* _Instructions for the task_: Answer with one number only: how many lines in the material contain "Stock".

* _Material supplied_:
——

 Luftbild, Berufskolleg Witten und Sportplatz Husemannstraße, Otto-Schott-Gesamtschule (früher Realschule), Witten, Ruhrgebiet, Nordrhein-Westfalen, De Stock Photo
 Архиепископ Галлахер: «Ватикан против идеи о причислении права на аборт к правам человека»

——

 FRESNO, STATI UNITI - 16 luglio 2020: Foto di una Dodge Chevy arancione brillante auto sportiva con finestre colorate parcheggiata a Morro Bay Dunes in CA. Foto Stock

——

* _Answer area_: 2